Scale-out data management with Commvault HyperScale technology

This whitepaper discusses how Commvault HyperScale™ Technology can provide the right architectural approach to build a sound data management strategy as organizations struggle with explosive data growth and adopt hybrid cloud IT.

As organizations continue to innovate their businesses through digital transformation, it is clear that data has become the new currency. Successful organizations must harness the power of data to drive competitive differentiation and provide value to their customers.

Managing the lifecycle of data across primary, secondary, and tertiary tiers in today’s hybrid IT environments represents a daunting challenge for organizations.

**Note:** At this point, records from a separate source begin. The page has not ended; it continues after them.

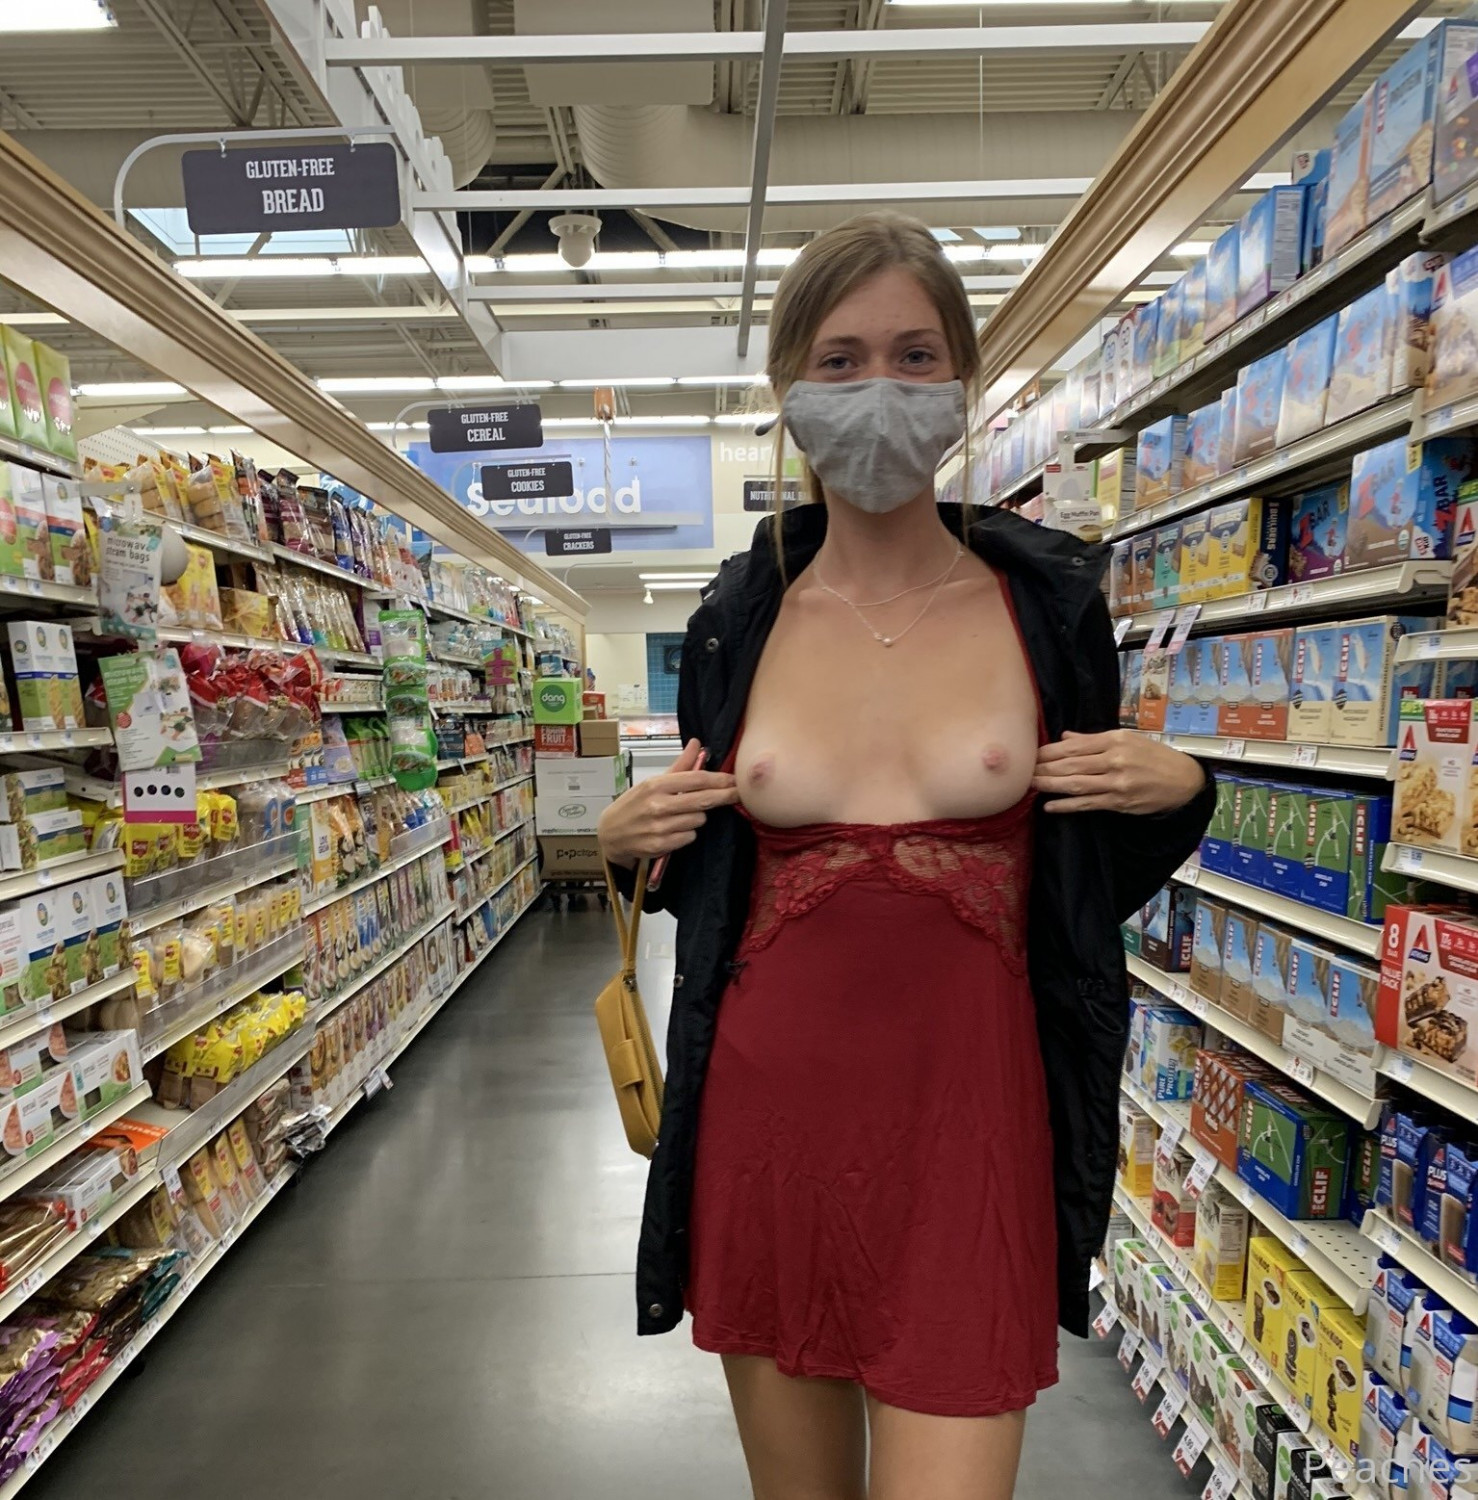 Pornstar in supermarket - Porn Videos & Photos - EroMe
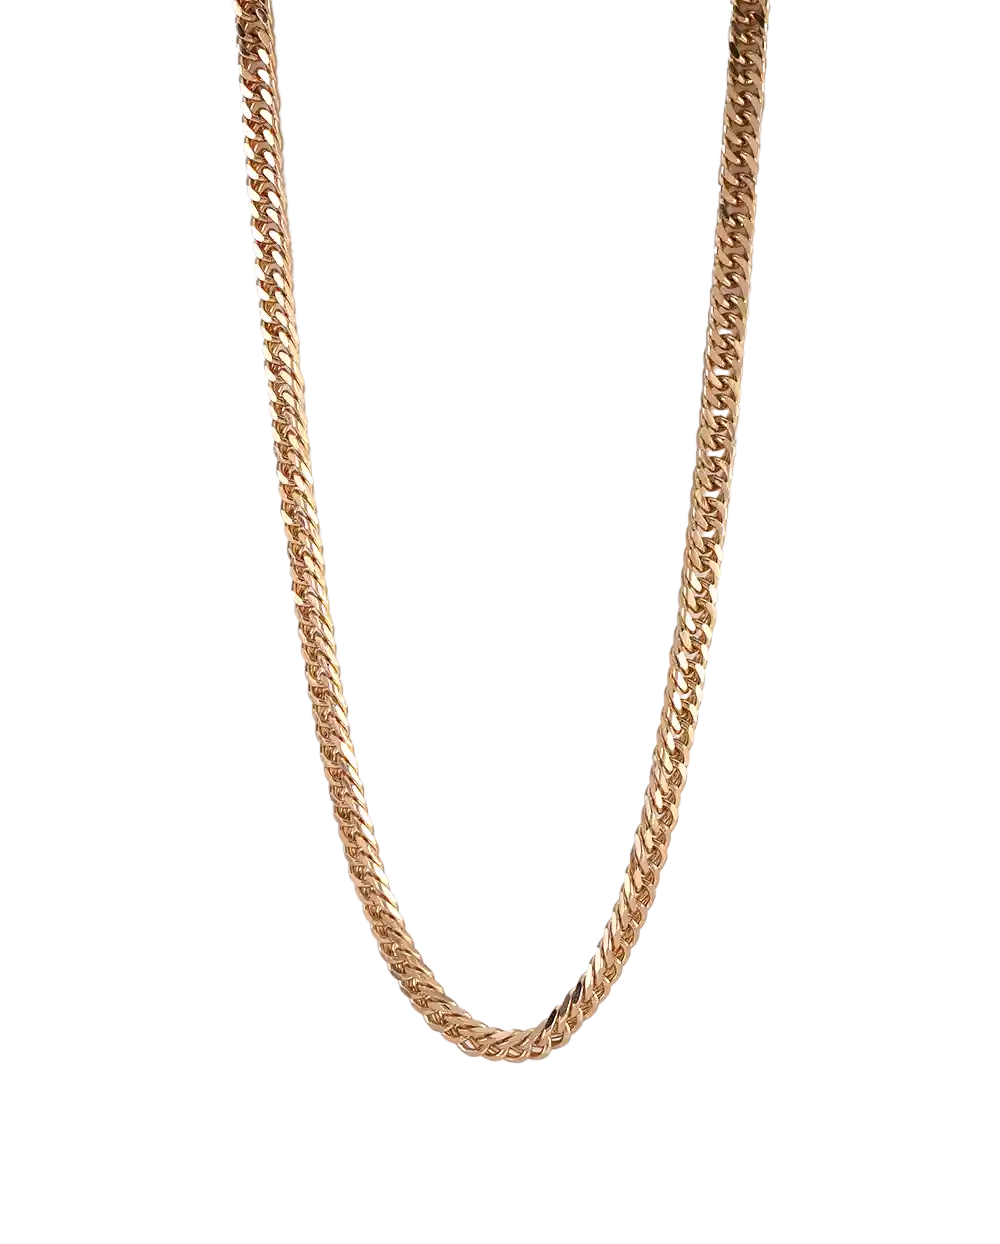 خرید گردنبند زنجیری زنانه مدل 1841 رنگ طلایی قیمت 189 هزارتومان به همراه ارسال رایگان به سراسر ایران درب منزل و جعبه ی کادویی شیک و قشنگ
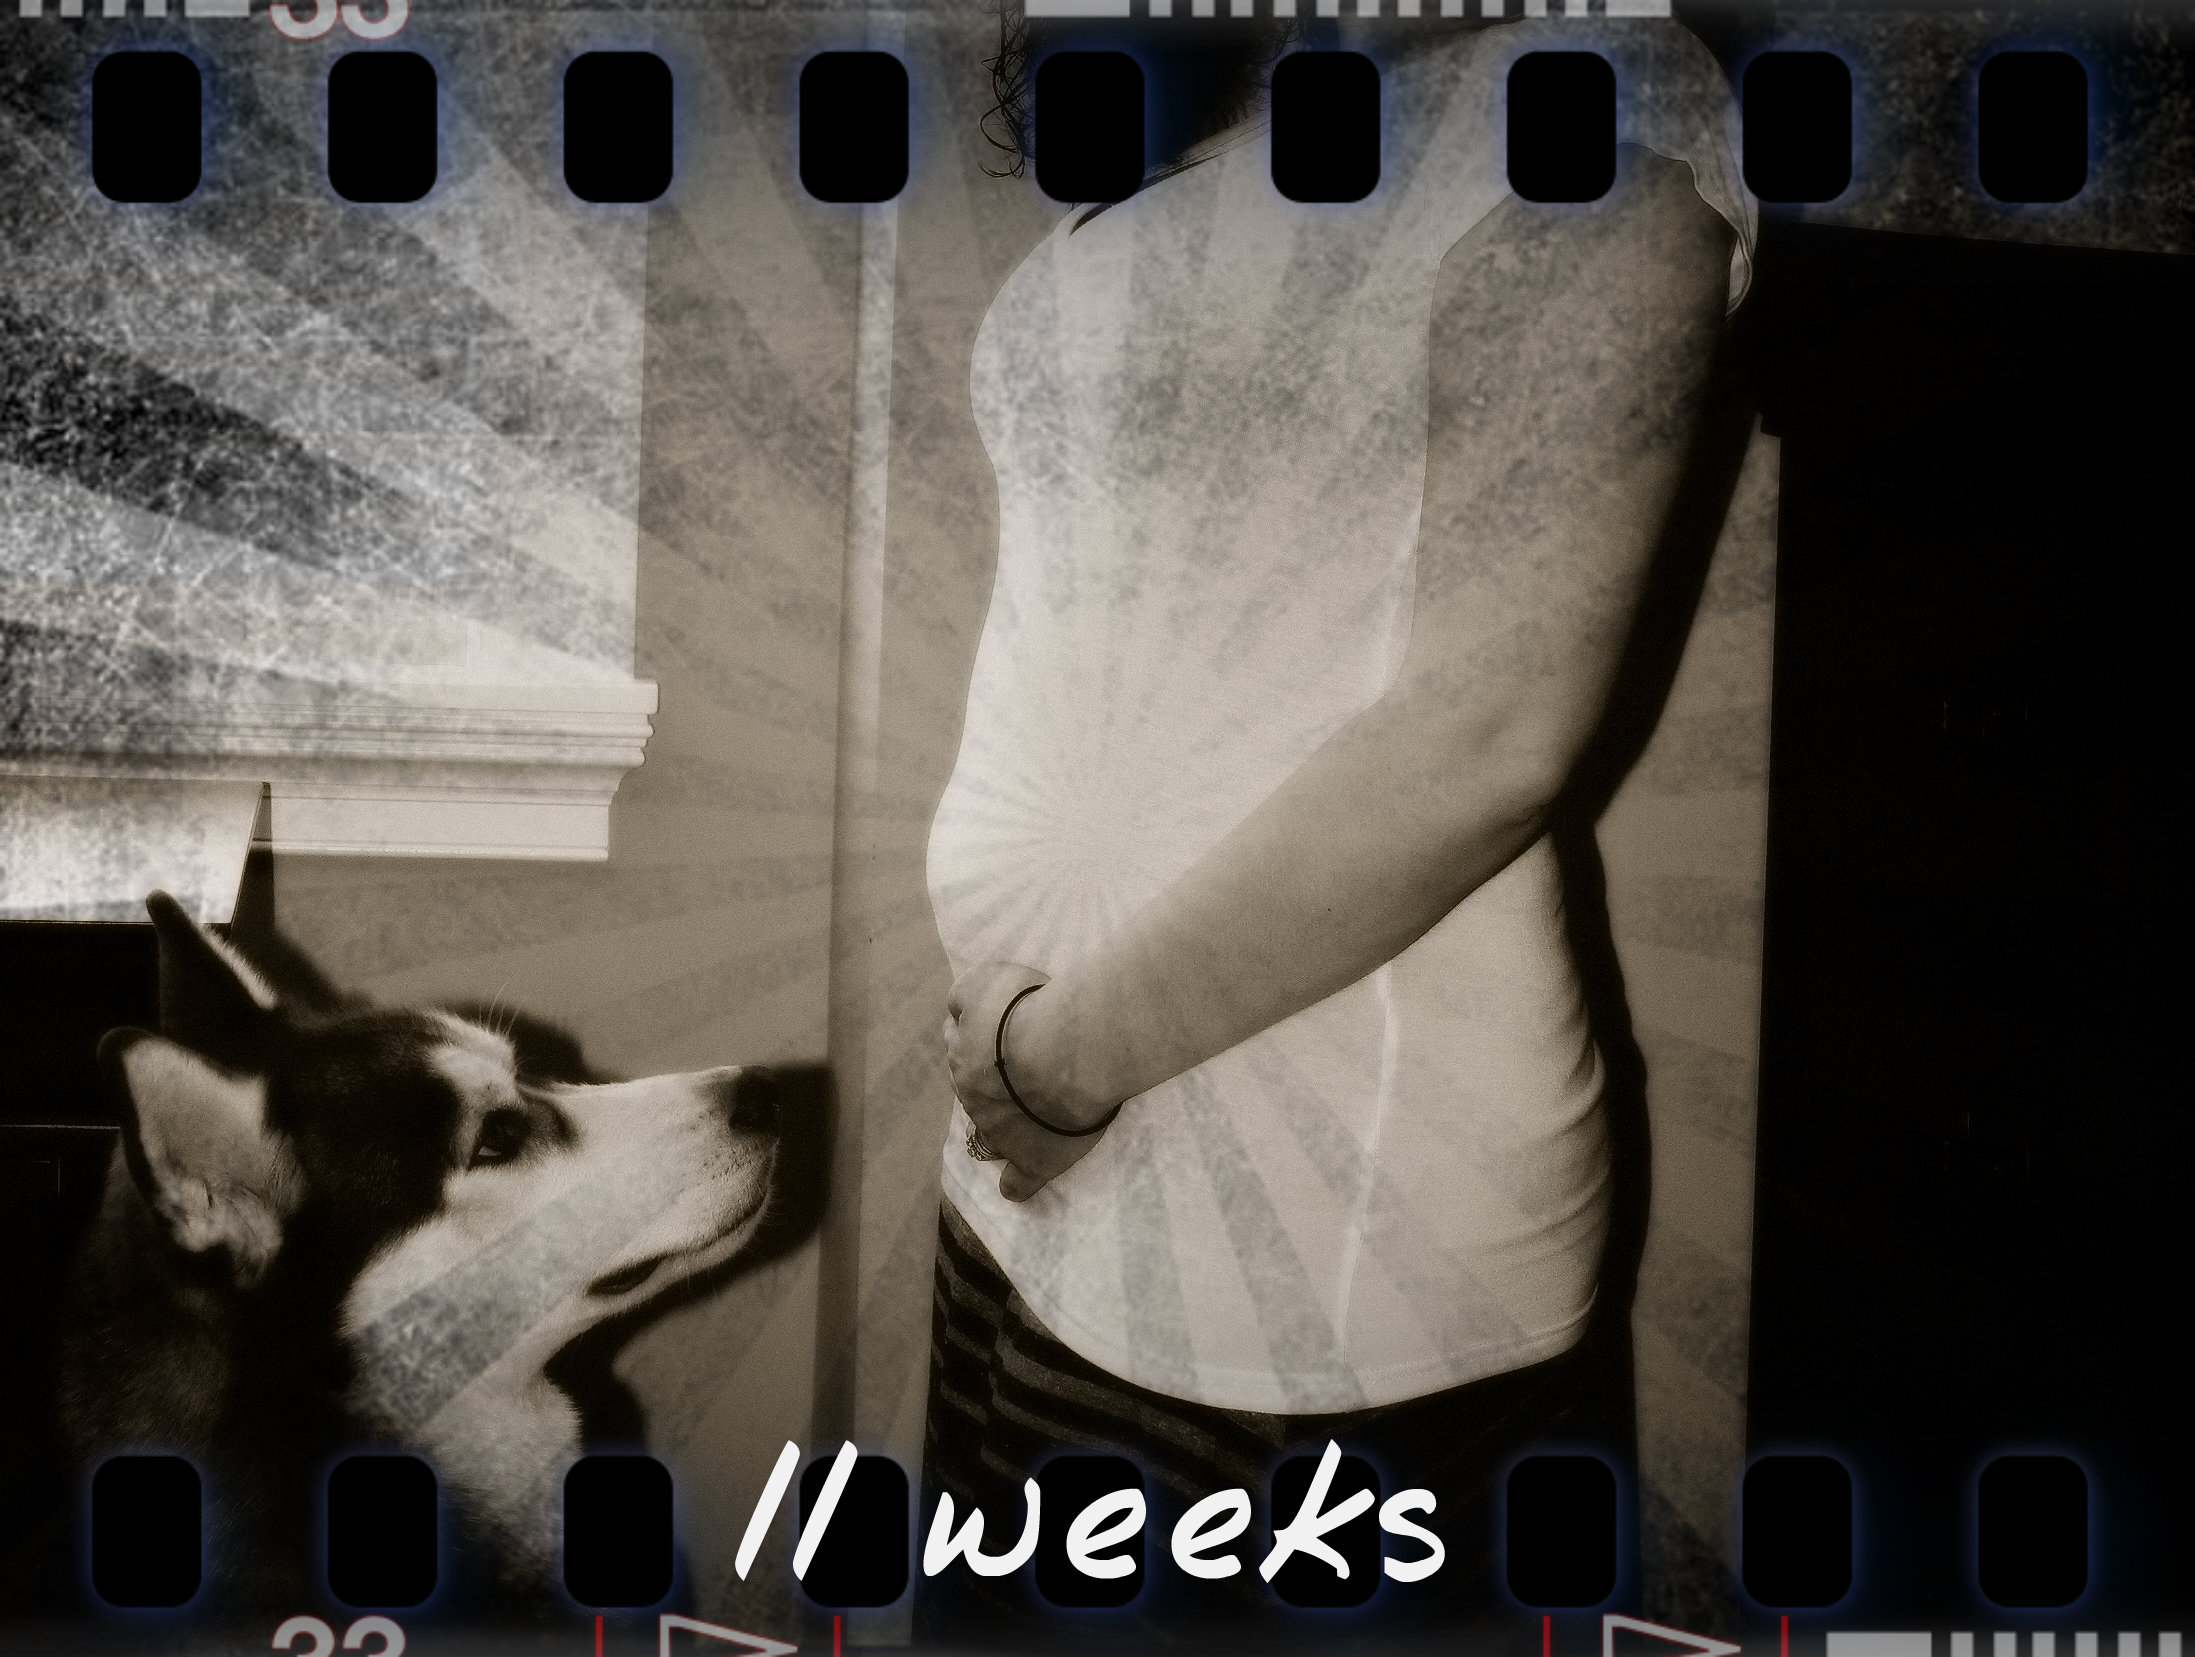 11 weeks

Based on a study conducted by Commvault, more than 70% of data now exists in the secondary storage tier1. With such data growth in the secondary storage tier, it is clear that previously used approaches for data management are no longer sufficient. It is also clear that while some workloads may be suitable for cloud migration, substantial workloads will remain on premises. Therefore, providing cloud-like scale, resiliency, and economics is top of mind for many organizations.

Commvault HyperScale™ Technology is a modern approach to data management that leverages the breadth and depth of Commvault’s data management platform combined with the benefits of a scale-out architecture. Available in a software or a turnkey appliance form factor, Commvault HyperScale™ Technology offers a modular, scalable, and highly resilient data management solution that is simple to install and manage. Commodity hardware and lower operational demands, combined with subscription-based pricing; allow customers to enjoy cloud-like economics while reducing the overall TCO of their data management solution.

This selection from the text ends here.